Lawrence Park Collegiate Institute is a semestered, public high school institution with over 1,267 students enrolled. The school is located in Toronto, Ontario, Canada. It teaches grades 9 through 12 and is operated and governed by the Toronto District School Board. Until 1998, the school was part of the former Toronto Board of Education.
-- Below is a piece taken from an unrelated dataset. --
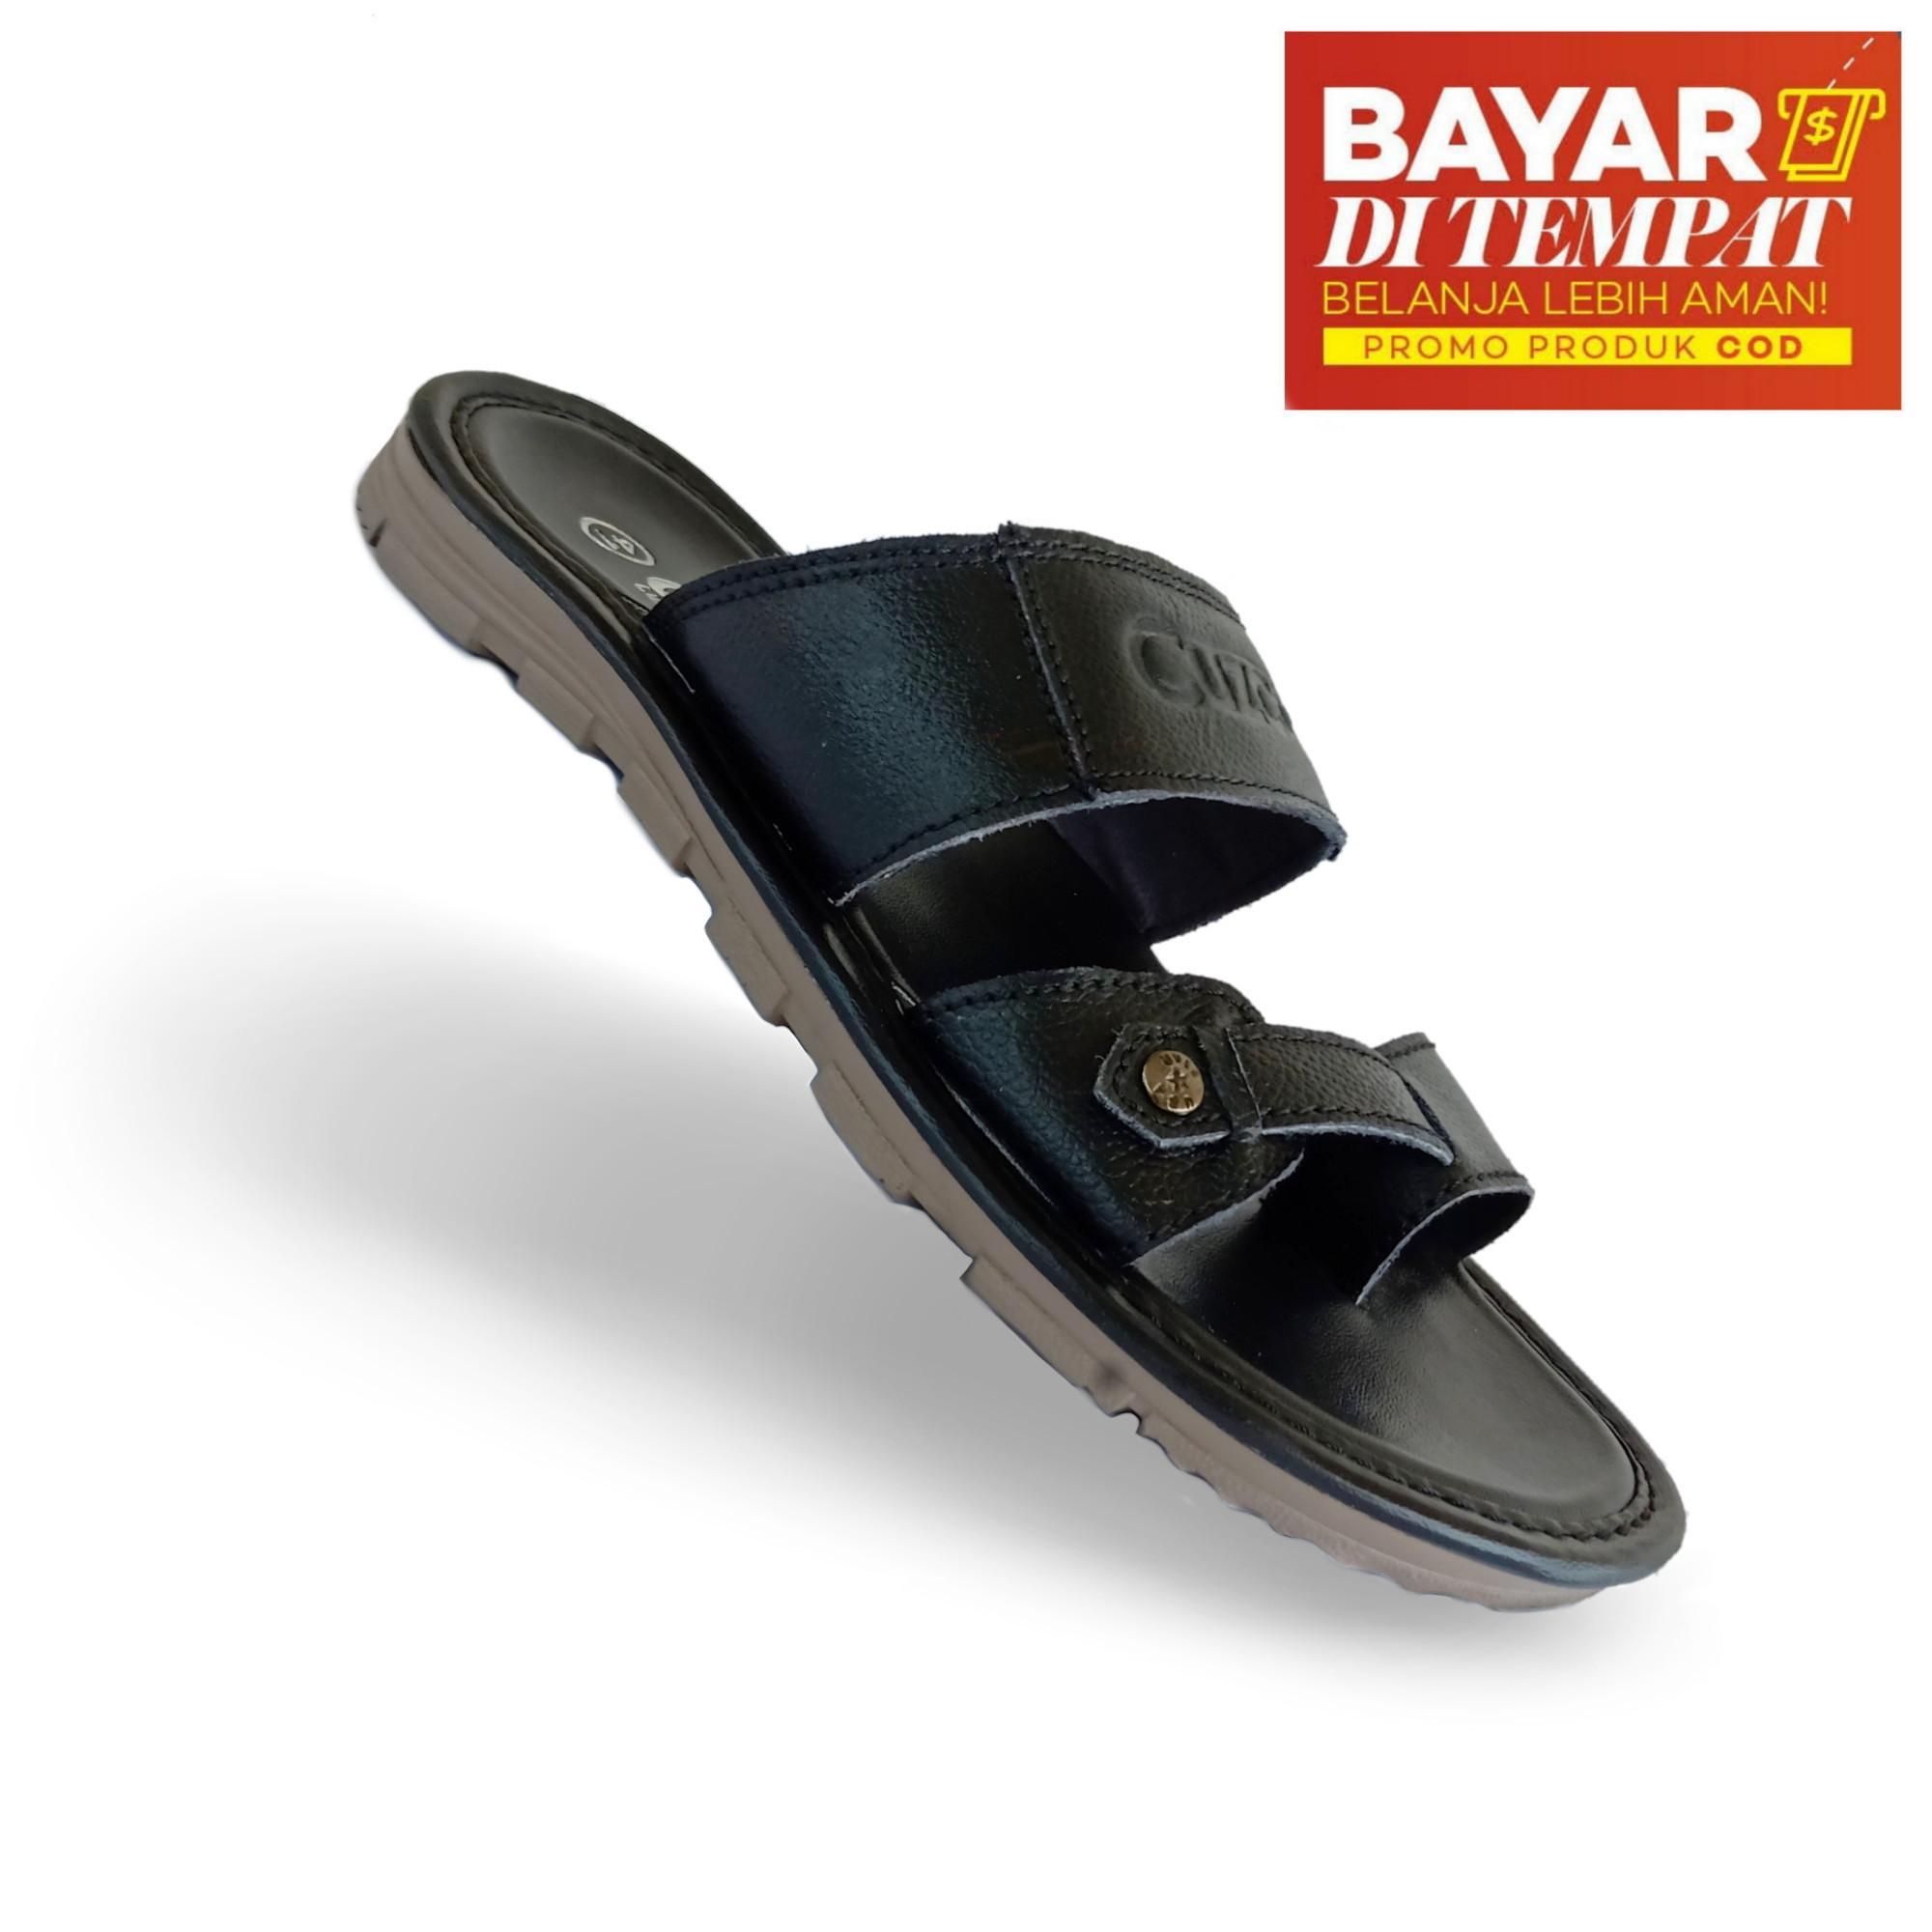 Sandal Kulit Pria - Sandal Pria Kulit - Wiro s - Cuzco 7f9ccc7fbd

The school is located in the Lytton Park neighbourhood. The majority of students come from the surrounding Bedford Park, Lytton Park, North Toronto, and Lawrence Park areas. The closest TTC subway station is Lawrence station.

==History==
Lawrence Park Collegiate was founded in 1936. Charles W. Robb was the school's first principal and went on to become the Superintendent of Secondary Education for Toronto. The current principal is Lorraine Sutherns.

==Drama==

Lawrence Park has a very large and active Drama Council that is responsible for various events at the school. The council plans and runs the Remembrance Day assembly.
Each year the council runs United Artists for a Cause, a performing arts night that includes music, drama and a fashion show. Lawrence Park is one of few schools that enters 2 plays in the NTS (formerly Sears) drama festival in addition to hosting the festival. In 2025, one of its submitted productions for NTS, "Kaleidoscope" (originally written by Ray Bradbury), advanced to the provincials level, winning a Mira Award for Sound Design and Production.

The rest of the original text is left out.